Supplied material =
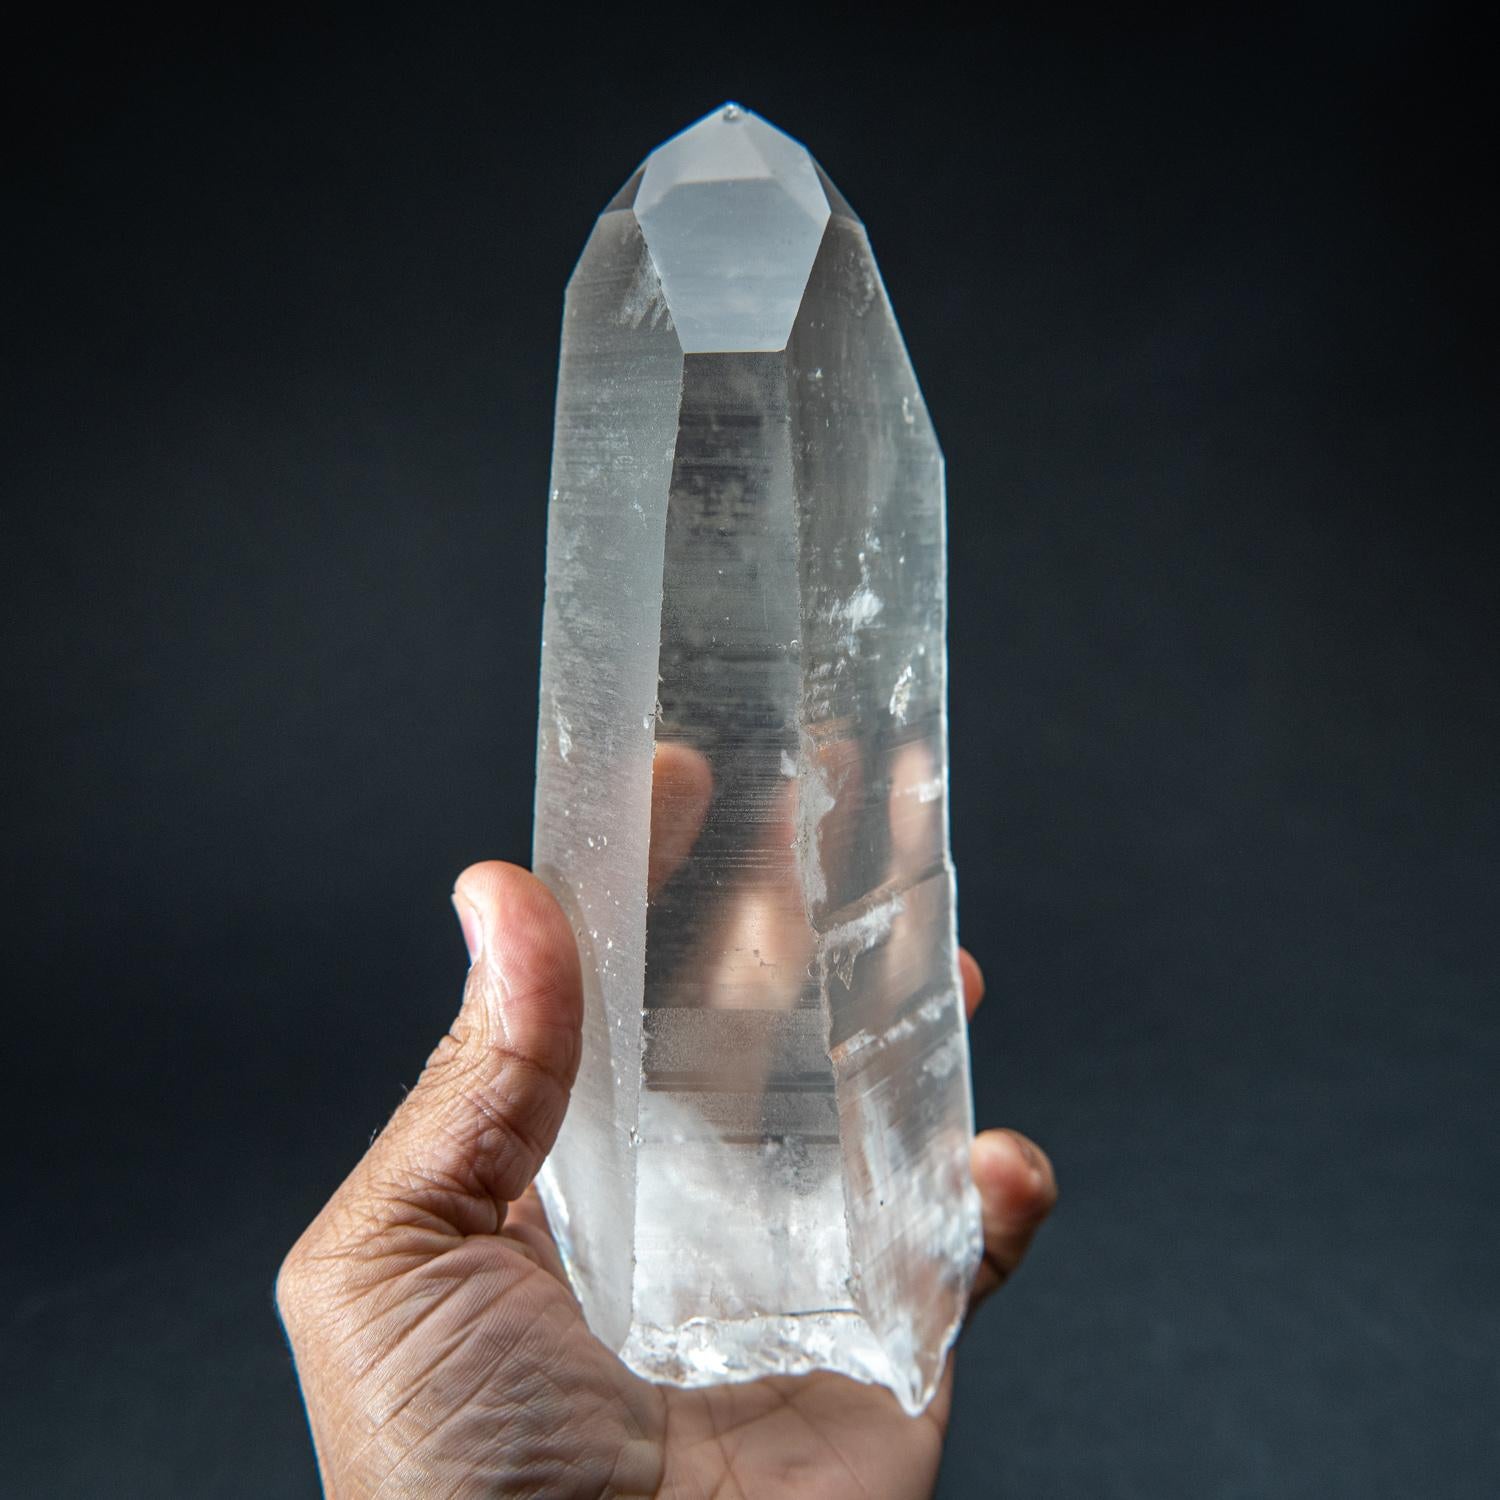 This natural 2.75 lb Brazilian Lemurian Quartz is a large single specimen, featuring transparency and an intact termination. No damage is present, and the crystal is unpolished. Clear Quartz is famously known as the 
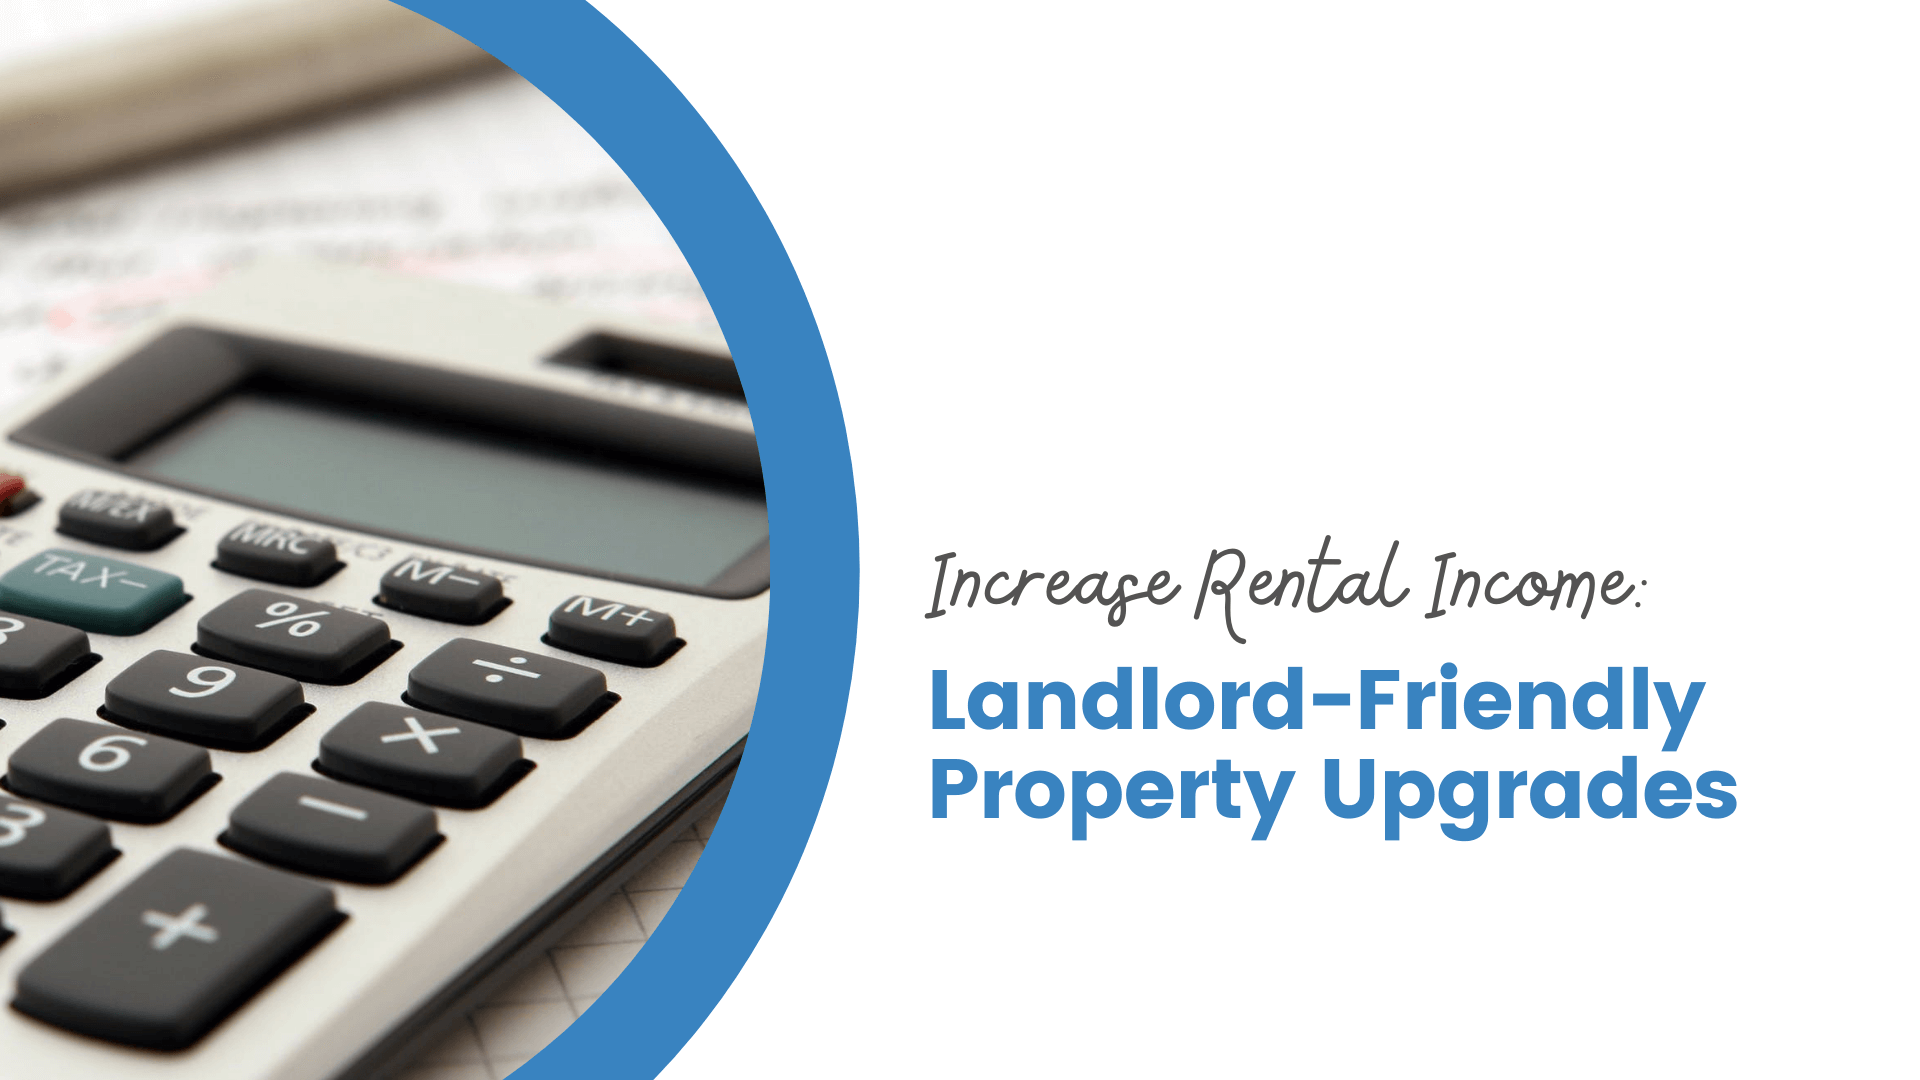 Landlord-Friendly Property Upgrades that will Increase Rental Income - article banner
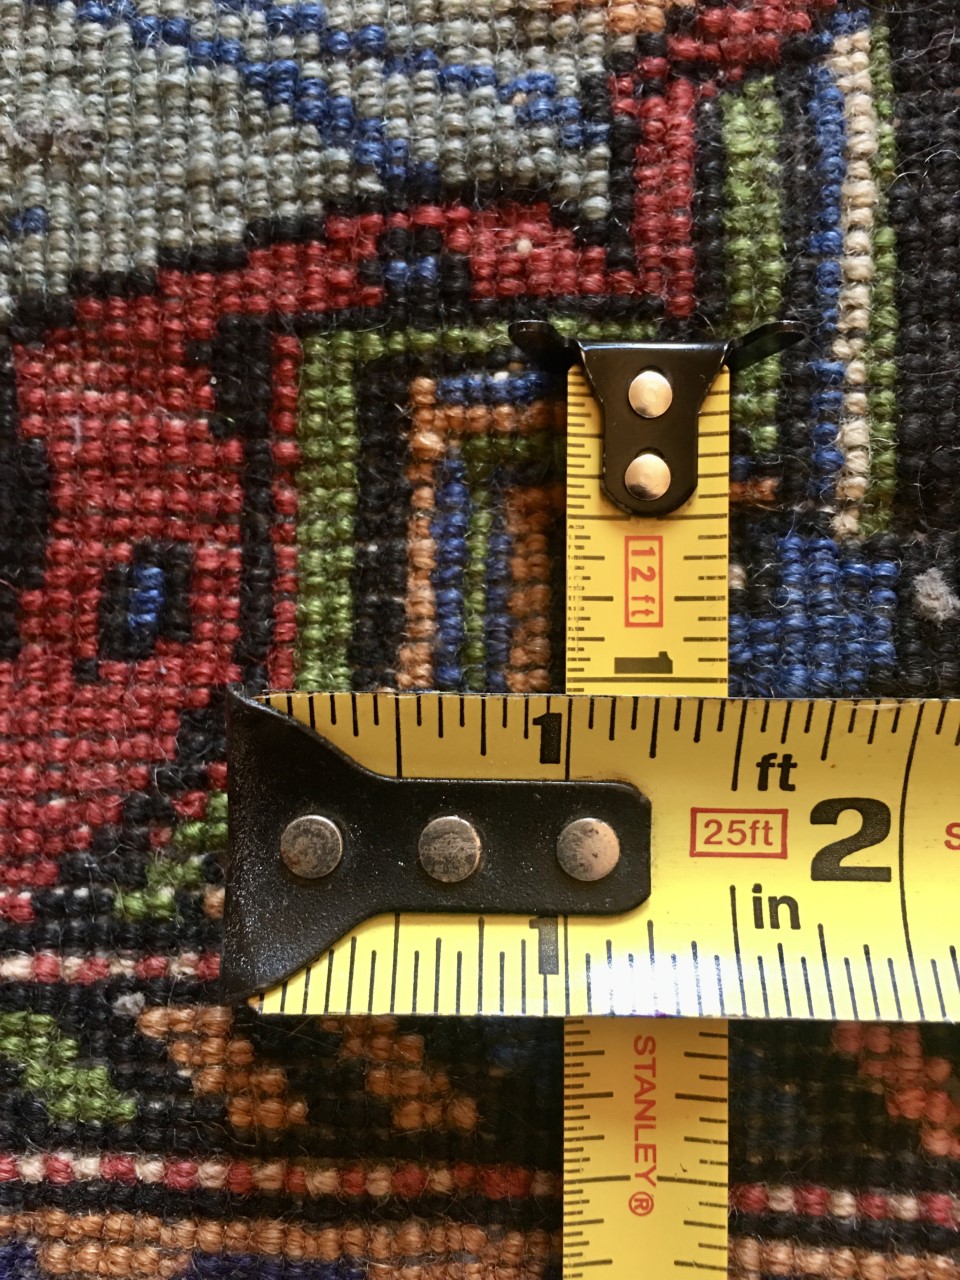 A detailed photo from the back of the Shirin Rug, taken so the knotting is more visible. A pair of measuring tapes are pictured, situated perpendicularly to demonstrate how many knots make up one square inch of space
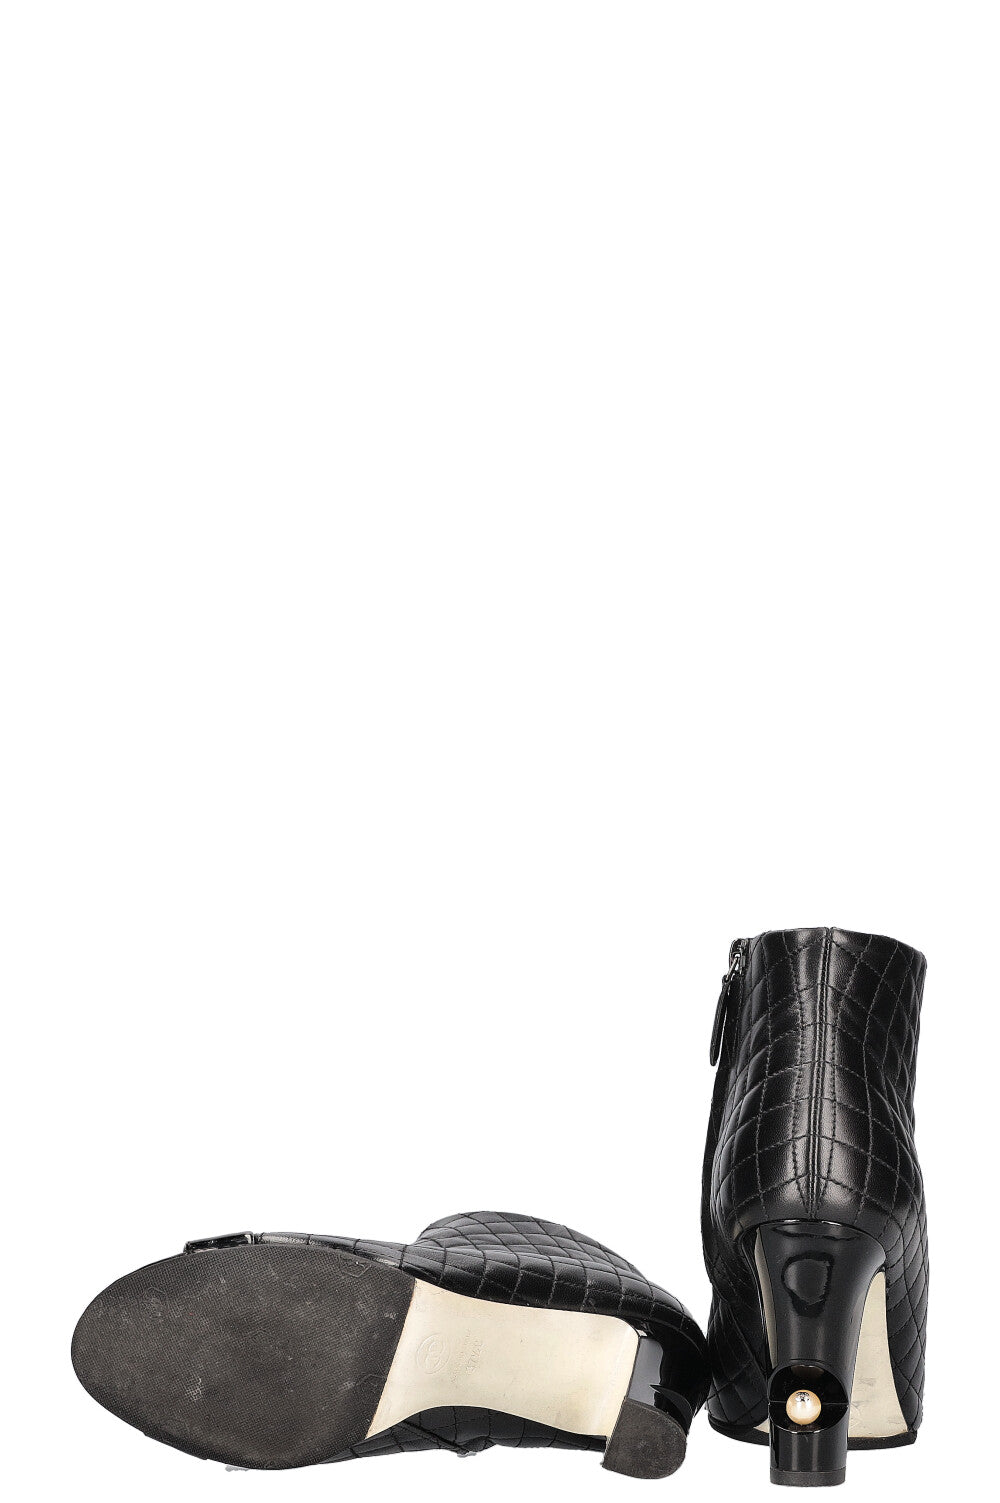 CHANEL Quilted Pearl Boots Black

What to produce = Would you copy the lines from the one holding "A detailed photo" down to the last line of the material, both included, exactly and with nothing added, skipping the pictures?

Finished task =
 A detailed photo from the back of the Shirin Rug, taken so the knotting is more visible. A pair of measuring tapes are pictured, situated perpendicularly to demonstrate how many knots make up one square inch of space
 CHANEL Quilted Pearl Boots Black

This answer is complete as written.